Elmo Mistiaen

 

 

 

 

 

Elmo Mistiaen

Symbiotic Skin Metamorphosis  

 

Belgian designer Elmo Mistiaen is fascinated by animals and insects. He designs digital landscapes and outfits in which humans and animals seem to merge. The TextielMuseum invited him to join the 2024 R&D knitting programme. With product developer Sarena Huizinga, Mistiaen experimented extensively with converting his digital AI art into 3D knitted body art and then feeding his AI tool with photos of samples made in the lab. This iterative process eventually led to a definitive design that is on display in the TextielMuseum until 30 March 2025 in the exhibition ‘SHAPE – body, fashion, identity’.
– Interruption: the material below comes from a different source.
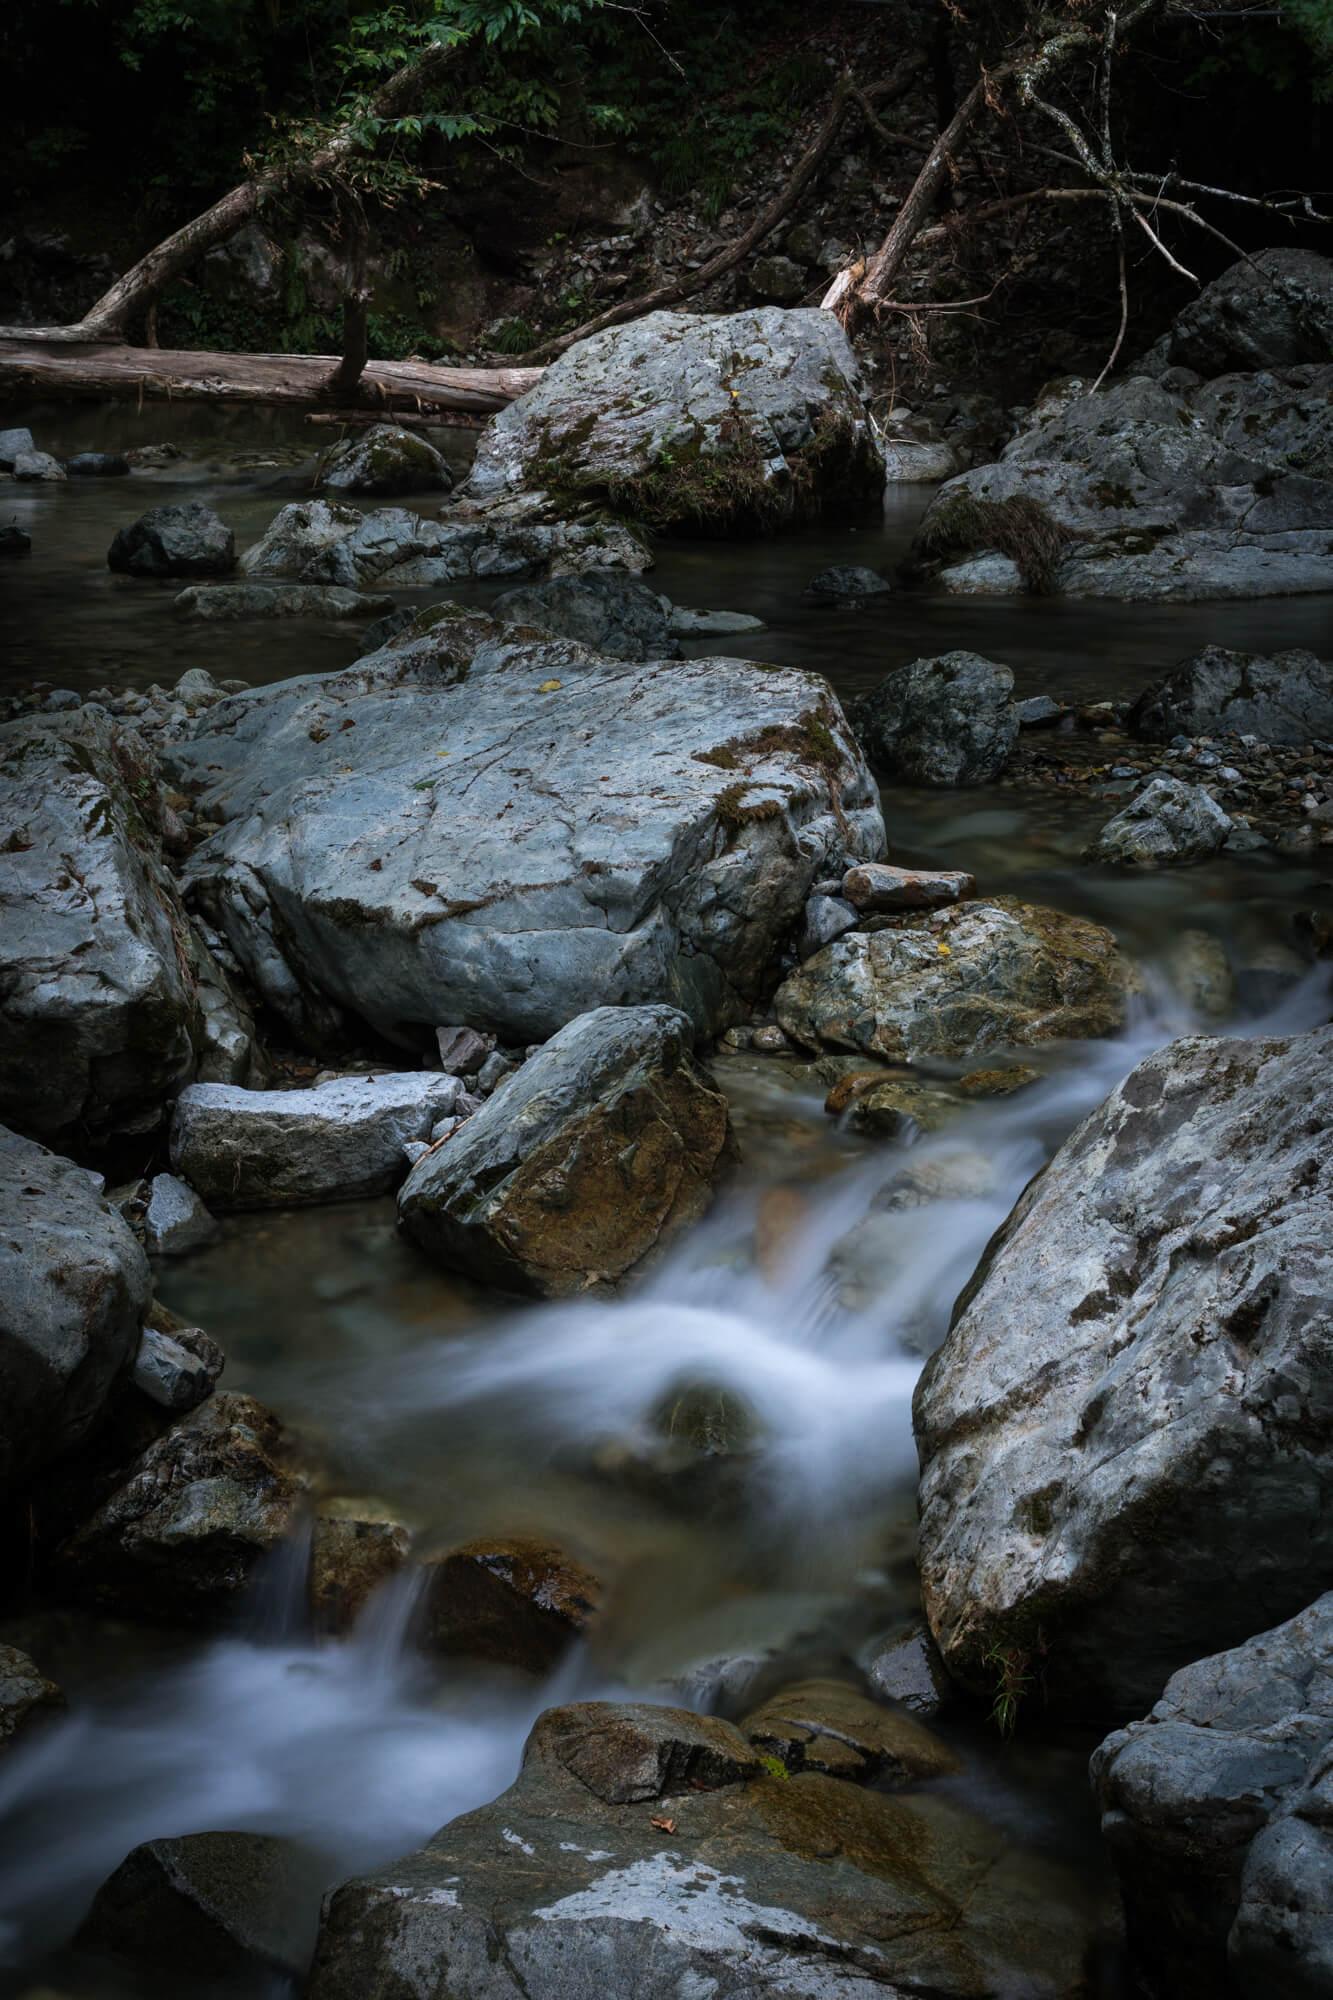 ND200を使って撮った原不動の川

On the flat knitting machine with a coarse gauge, Huizinga translated the digital creations into oval-shaped bulges, ridges, pockets and tentacles. A subtle colour gradient runs through the work – from beige to pink to light brown – using various sustainable animal-sourced yarns. These include plant-dyed organic wool and cradle-to-cradle-certified silk from open silk cocoons that are discarded in standard silk production. Particularly innovative is the microbe yarn from Japanese manufacturer Spiber, which was used for the dark beige, semi-transparent parts of the jacket. The microbes, which are fed with sugarcane waste, produce a juice which is extracted, fermented and dried. The resulting substance is then sprayed into a single thread in a process called wet spinning.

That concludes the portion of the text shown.